[TASK BRIEF]
Every entry in the data that follows should come back exactly, pictures aside.
# # # # # # #
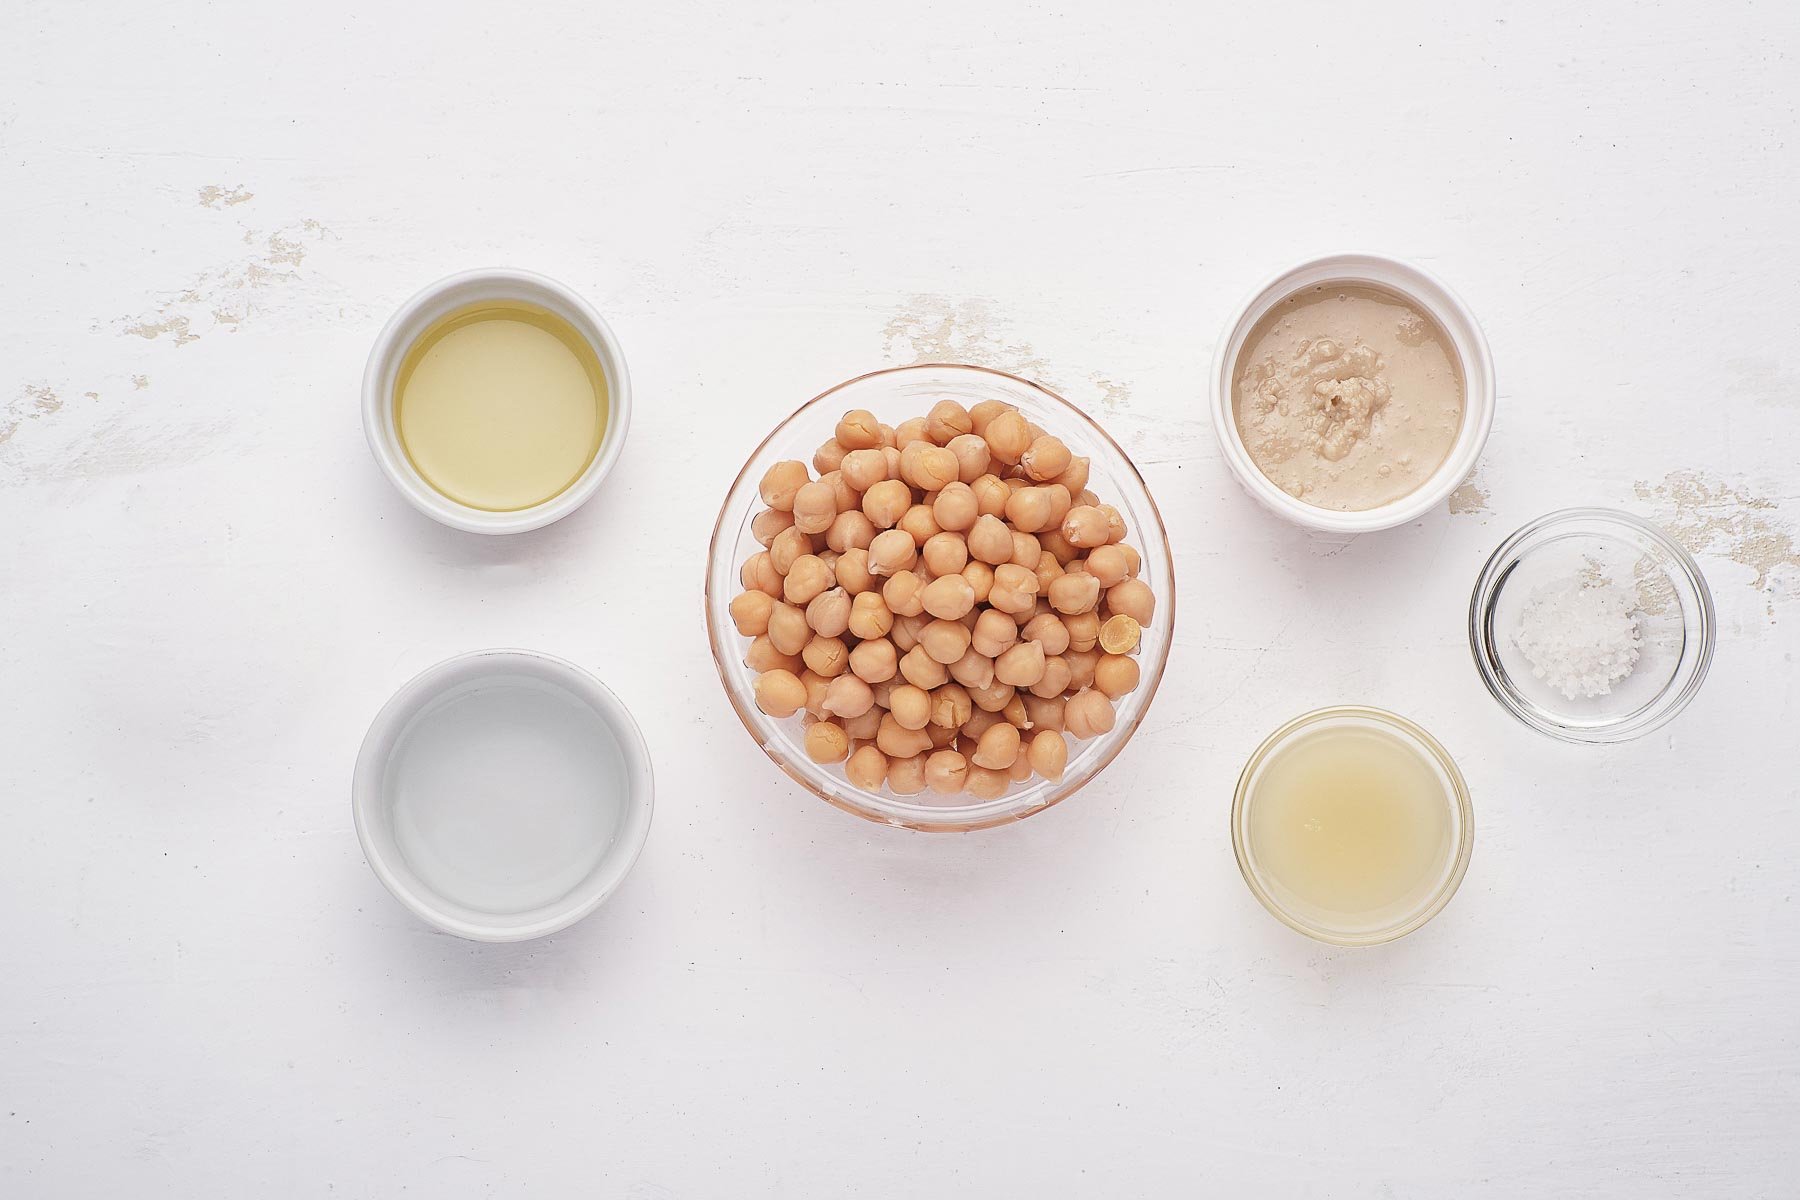 Beans, tahini, and lemon juice in small bowls on white table.
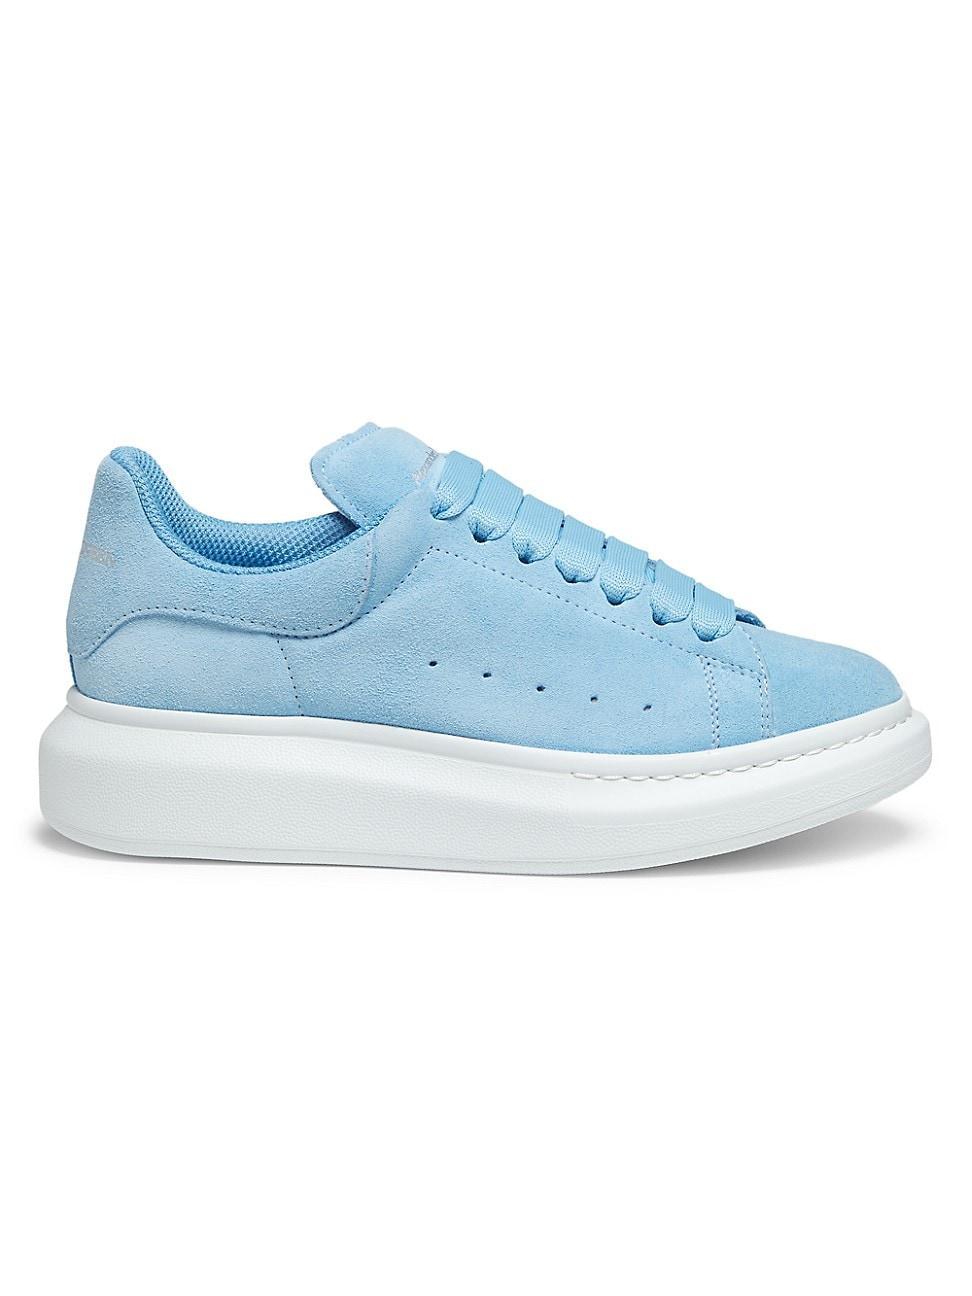 Leather Low-Top Sneakers Product Image
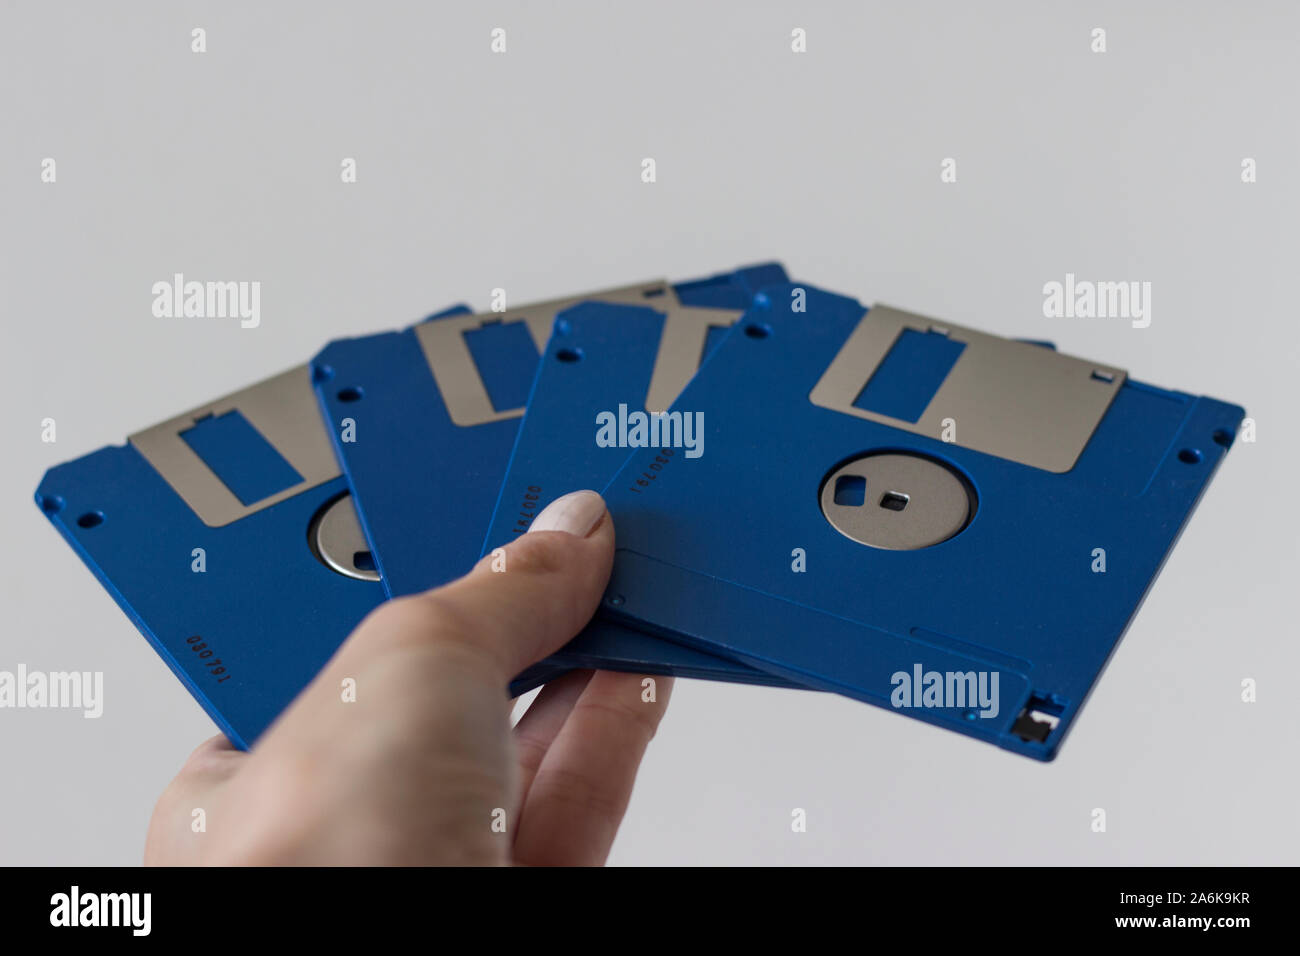 Holding Blue Floppy A disks isolated on white background.Disk storage Stock Photo
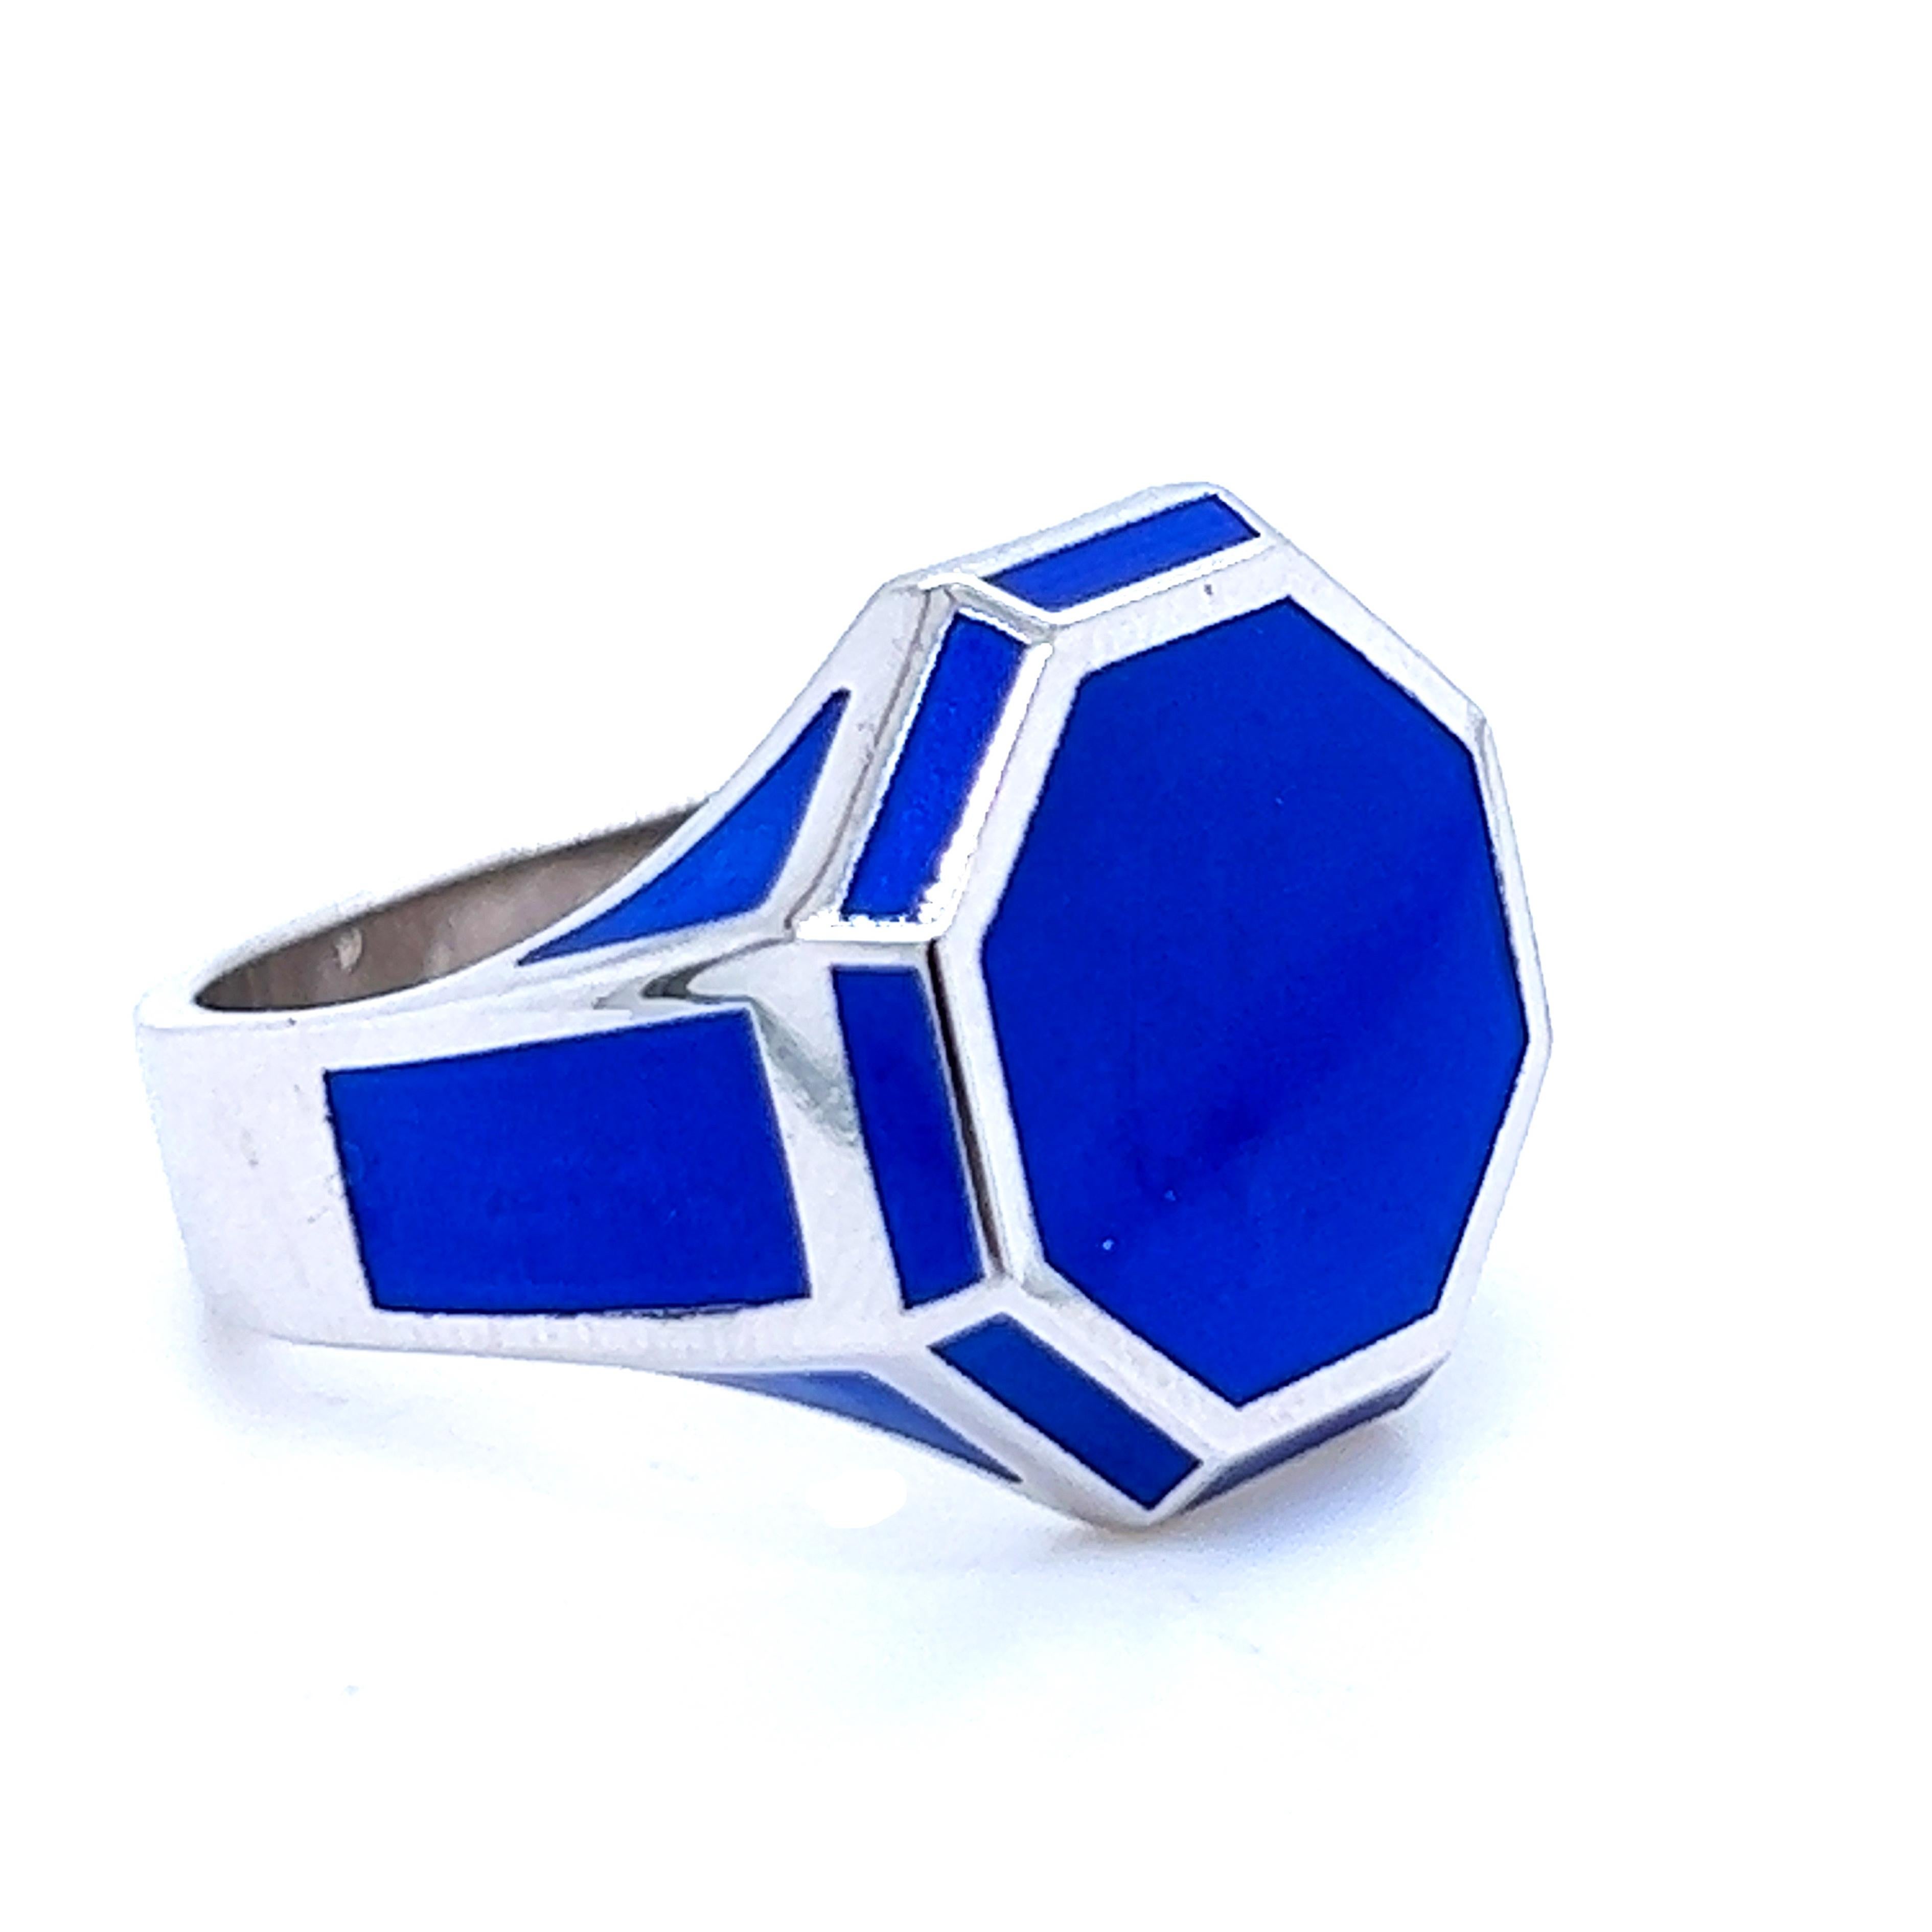 Contemporary, Chic yet Unique hexagonal royal blue hand enameled cocktail ring in a solid sterling silver setting. Perfect to wear as signet ring on the pinkie.
In our smart suede brown box and pouch.
Us Size 7 1/2,  French Size 56

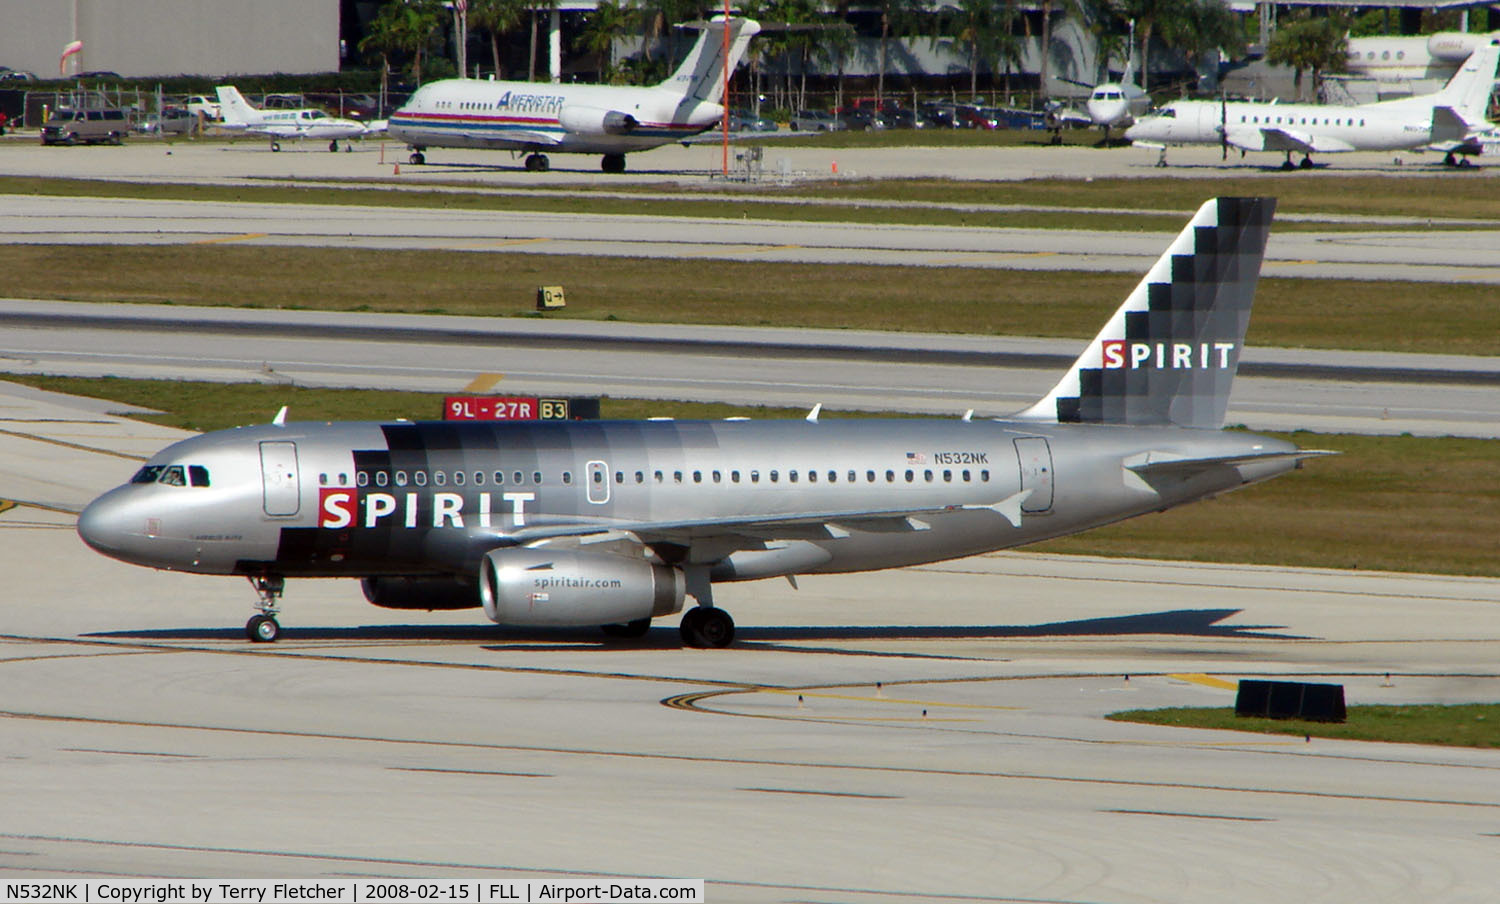 N532NK, 2007 Airbus A319-132 C/N 3165, The latest delivered A319 to Spirit at the time of photograph in Feb 2008
# # # # # # #
[TASK OUTPUT]
 Beans, tahini, and lemon juice in small bowls on white table.
 Leather Low-Top Sneakers Product Image
 Holding Blue Floppy A disks isolated on white background.Disk storage Stock Photo
 Contemporary, Chic yet Unique hexagonal royal blue hand enameled cocktail ring in a solid sterling silver setting. Perfect to wear as signet ring on the pinkie.
In our smart suede brown box and pouch.
Us Size 7 1/2,  French Size 56

 N532NK, 2007 Airbus A319-132 C/N 3165, The latest delivered A319 to Spirit at the time of photograph in Feb 2008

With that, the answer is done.